On August 11th and 12th,
a rally was organized in Charlottesville, Virginia to protest the removal of a Confederate war memorial. Called "Unite the Right," the movement was met with counter-protests on both days. Many rally-goers were recorded displaying extremely racially vicious slogans and slurs. Some were identifiable members of either the KKK or neo-Nazi groups. Almost immediately after a state of emergency was declared by the city and the county, a car sped into the crowd of counter-protesters, killing one and injuring at least nineteen others. The driver attempted to flee the scene, but was quickly caught and the owner arrested. James Fields Jr, a citizen of Ohio, was charged with second degree murder. The events served well to highlight intense racial tensions that continue to flare in the United States as opposing factions continue to fight in a seemingly never-ending struggle to reconcile America's promise of freedom and liberty with a long history of denying that liberty to many of its own people.
Since these rallies and the failure of the President to respond and defuse the situation, tensions have worsened.
A rally in the city of Boston held August 19 (one chaotic week after Charlottesville) was met with fierce counter-protest from the locals. Many such rallies took place nationwide with similar results.

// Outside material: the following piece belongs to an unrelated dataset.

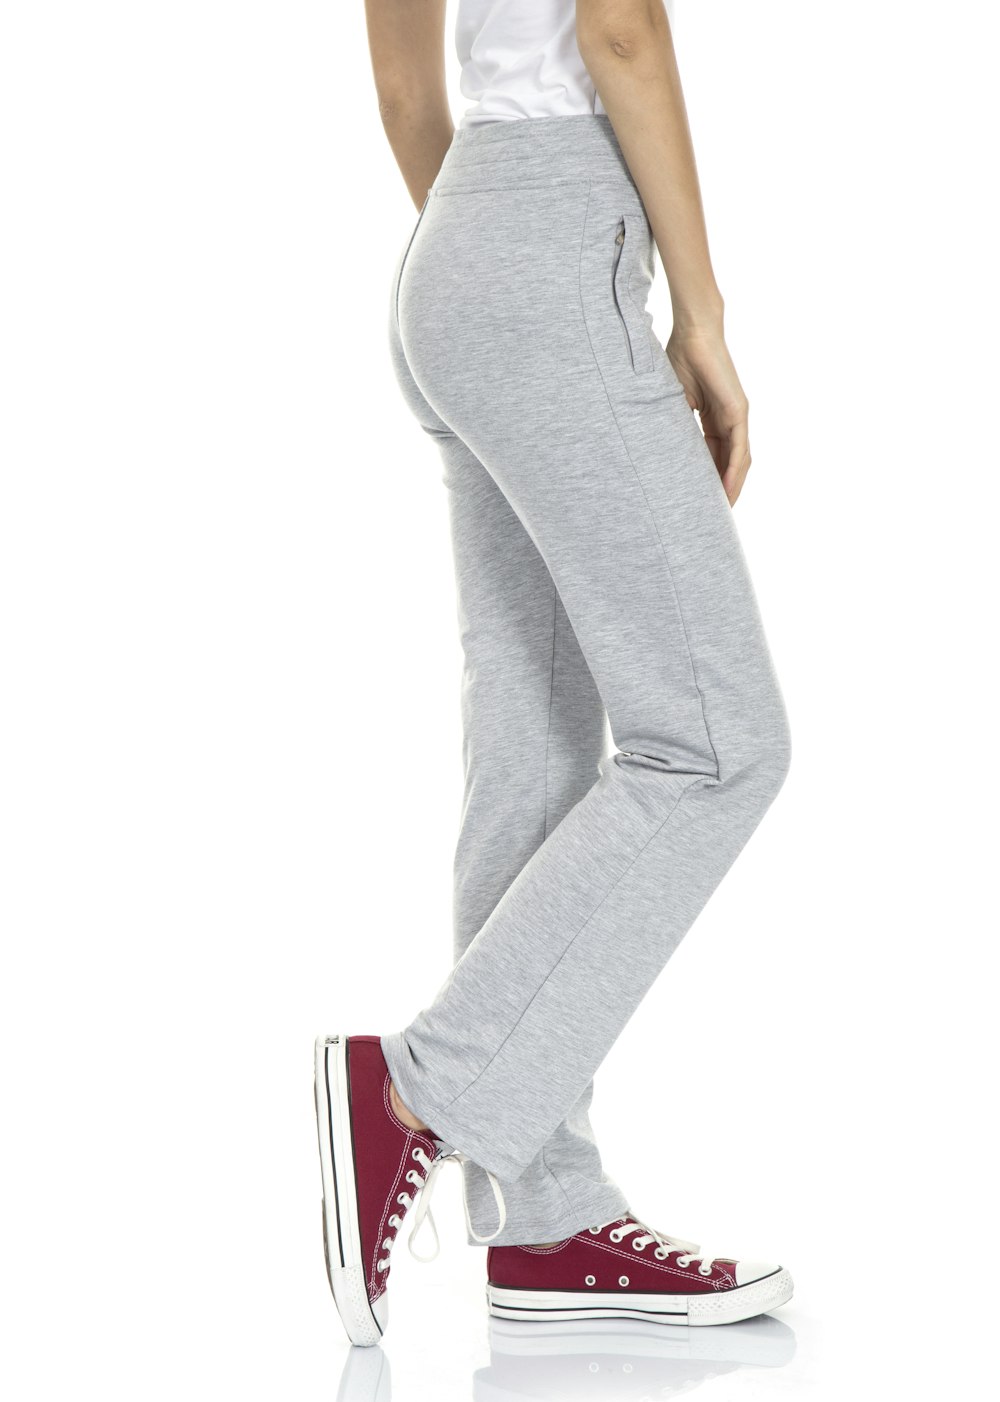 woman in gray tank top and gray pants

What all of this serves to highlight is that there is growing tension between the cause of freedom of speech and the cause of racial justice. One such tension can be seen in that the neo-Nazi groups rallying in Charlottesville had a permit to meet whereas the counter-protesters did not. However, I would argue that this point is secondary. It is far less significant that the counter-protesters did not have a permit than the fact that they were actively countering a force that is so fundamentally anti-American it cannot possibly be misconstrued as a democratic ideology.